O último combate que travara com aquele jovem macho impusera uma queda espetacular pela ravina, premiando-o com uma fratura na parte superior do fêmur, que o deixou imóvel por dias no fundo do precipício, sedento e faminto.
Acompanhar os rastros do pequeno roedor, agora, no meio do capoeirão, através da planície larga e por entre as rochas era quase uma brincadeira, não exigindo uma arte elaborada. E era tudo o que podia fazer, uma vez que seu corpo não o ajudava mais. Os ombros e parte do lado esquerdo doíam muito e cada escapada para ir buscar comida era tida como uma tortura para o velho caçador. E essas escapadas eram, em sua maioria, frustrantes.
Certa vez, numa tarde ensolarada, quando descansava a cabeça por sobre as patas dianteiras, um pequeno lagarto passou vagarosamente próximo aos seus dentões, entretendo-se, em seguida, a farejar aquele animal enorme, velho e cansado, adormecido às portas de sua toca. O Smilodon, surpreendido com a ousadia daquele bicho, tentou abatê-lo com uma de suas fortes patadas, mas teve que desistir tão logo iniciara o movimento, pois o flanco esquerdo mais uma vez acusava a dor. Estas lembranças sempre o atormentavam.

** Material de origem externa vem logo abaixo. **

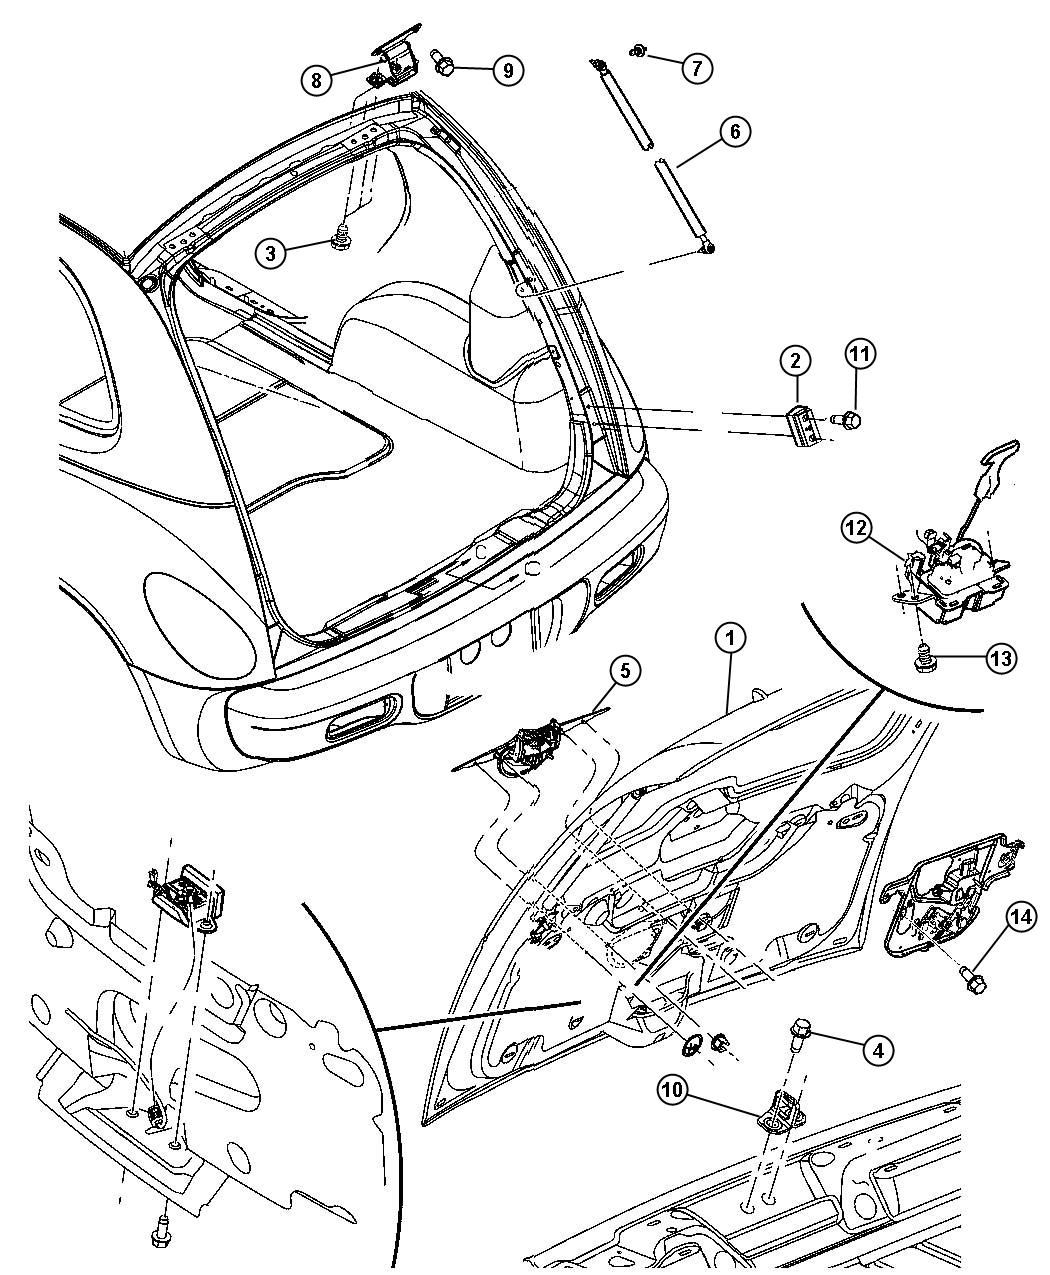 Chrysler Pt Cruiser Front Bumper Parts Diagram. Chrysler

Mantinha, naquele instante fugaz, o rosto enfiado no capim, o focinho quase colado à terra, o olhar atento preso ao solo. Parecia olhar para o nada. Engano. Ele observava cada detalhe da vida do pequenino roedor, sua respiração, sua pulsação, seu piscar de olhos. Fazia uma hora, ou mais, que persistia assim, tenso. Quase não se movia agora. E não deveria. Um sopro mais forte da respiração poderia afastar o objeto de sua contemplação. Então ele parou por completo, imobilizando-se, pacientemente. Ainda não perdera o instinto de caçador oportunista e vigilante, mesmo que o corpo já não o ajudasse.
A chuva, contudo, incomodava. Os pingos gelados penetravam em sua pelagem e entravam em contato com a pele que, inadvertidamente começava a tremer para afastar o frio. Ele precisava ser rápido, antes que o próprio corpo denunciasse o sofrimento.
Ao longe, o cheiro das fêmeas impregnou suas narinas com o delicioso perfume do amor, pois, àquela época do ano, algumas já estavam entrando no cio. As disputas acaloradas que travara por seu território ficaram num passado distante. E esquecido por aqueles que outrora o veneravam como o macho mais imponente daquele bando. Por verões a fio dominou os destinos do pequeno grupo de dentes-de-sabre ao sul do rio. O auge de seu reinado foi quando impuseram uma caçada vigorosa e elaborada a uma enorme preguiça, talvez das mais ferozes que o grupo havia encontrado. Depois de ela haver esfolado e trucidado uma das fêmeas incautas, as outras, numa arriscada estratégia encurralaram a grande preguiça num dos cantos próximo à ravina. Não querendo cair no precipício, ela partiu para cima de suas caçadoras com toda a fúria, mas foi uma tentativa desesperada, pois todas as fêmeas, em conjunto, pularam sobre seu dorso e a imobilizaram. Nesse instante, o grande macho Smilodon, vagarosamente, como se num ritual pré-determinado, aproximou-se do corpo do animal, que arfava e resfolegava, encostou a boca no pescoço da preguiça e cravou seus caninos num golpe certeiro e fatal, dilacerando os grandes vasos sangüíneos que irrigavam aquela região do corpo da presa. Todas as fêmeas e alguns pequenos machos e filhotes aguardavam os estertores finais de morte da grande preguiça e, assim, iniciarem seu banquete.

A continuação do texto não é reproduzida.